Duncan’s empty hand swept out in a what-can-you-do gesture. “I tried to put you off the scent or at least distract you by leaving one of your uncle’s cuff links at Wilkes’s house.”
“How did you get the cuff link?” Nick asked.
“Oh, that was simple. He and I were meeting regularly to discuss business. I made certain that he lost one link after he’d had a few too many scotch-tinis. I really did not want to have to kill you, Chastain. I was afraid it would draw too much interest, not only from the police, but
from your circle of lower-class associates.”
“His associates, as you call them, are not nearly as low class as yourself, but you’ll certainly get their attention if you kill him,” Zinnia said fiercely. “You’ll never get away with it.”
“I’ve found a way around that little problem,” Duncan murmured. “By the time anyone finds his body in this charming country garden, there will be very little left.
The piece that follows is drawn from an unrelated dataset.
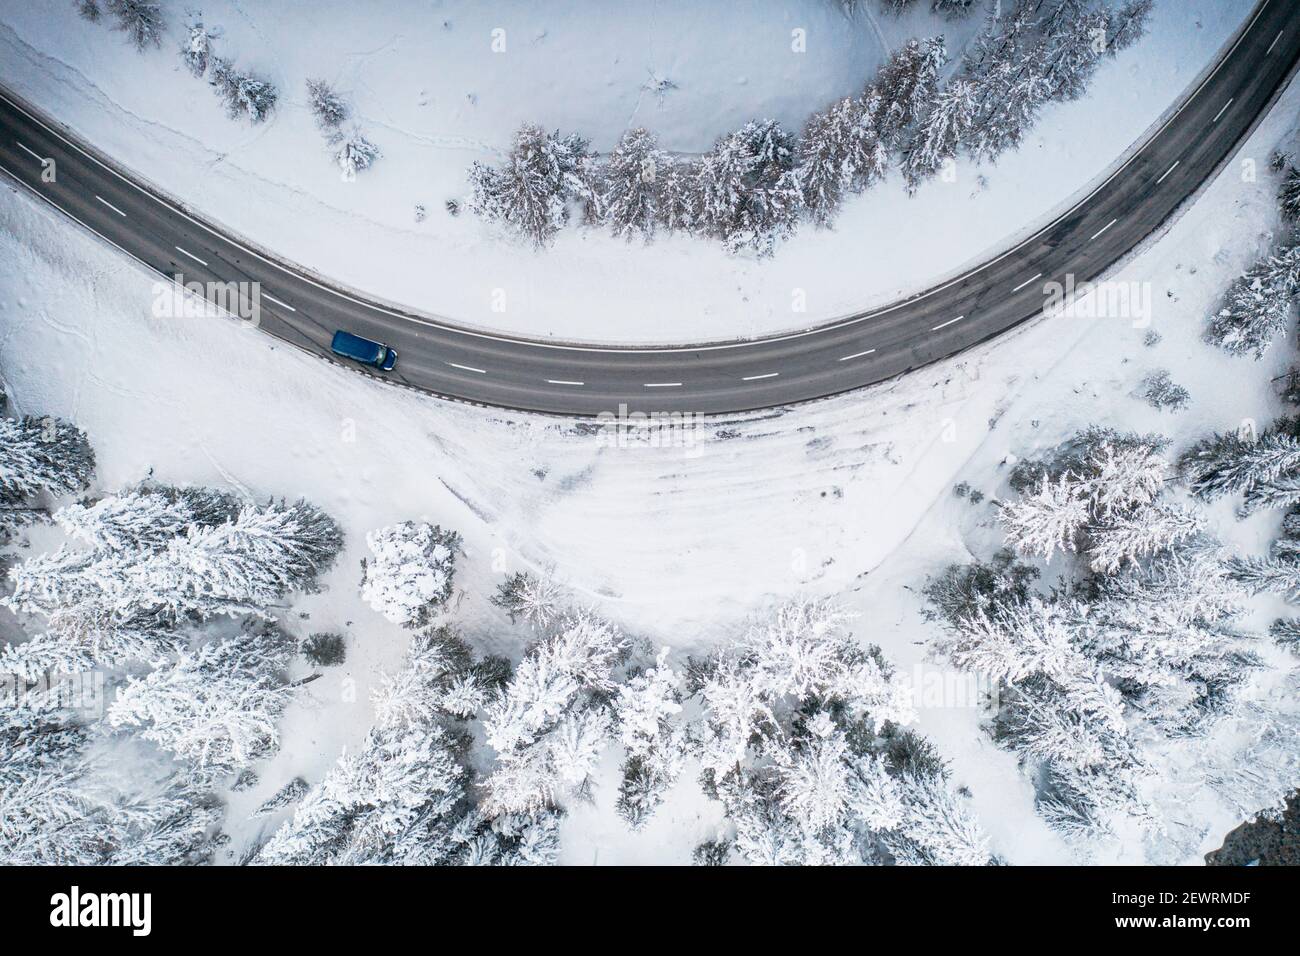 Voiture roulant dans les virages sur la route de montagne enneigée d'en haut, Suisse, Europe Banque D'Images

It will be assumed that he and Demented DeForest argued about the fate of the Third Expedition and both of them ran afoul of these damned meat-eating plants.”
“It will never work,” Zinnia said.
She was hoarse from repeating the words. She had been saying them over and over for the past hour while they waited for Nick.
Duncan had been just as certain as she that Nick would show up eventually. She had deliberately refused to respond to the familiar probe of Nick’s strong talent in an attempt to discourage him from entering the maze. But he had found her, anyway. Typical matrix.
Nick looked at Duncan. “Your father went to a lot of trouble to rewrite history. He murdered several people and he faked the bankruptcy of his own company in an effort to blur his tracks. But even a paranoid matrix-talent couldn’t wipe out every piece of evidence that related to the Third Expedition.”
The flash of rage that had appeared in Duncan’s eyes vanished as if it had never existed. He assumed his familiar warm, charming, open-faced expression. “My father certainly tried hard enough. Got to give the old bastard credit. In all the years I knew him, the only thing he ever cared about was that damned journal. He didn’t even bother to come to my mother’s funeral because he was so busy working on it.”
“Why didn’t he get rid of DeForest years ago?” Zinnia asked.
Duncan chuckled. “There was no reason to do that. In his own bizarre fashion, Demented DeForest made an unwitting contribution to the plan.”
“He helped turn the truth into a legend,” Nick said.
“Precisely.” Duncan smiled. “Thanks to his silly theories about alien abductions, no serious scholar ever paid any attention to the subject. It became the kind of story that only the tabloids covered.”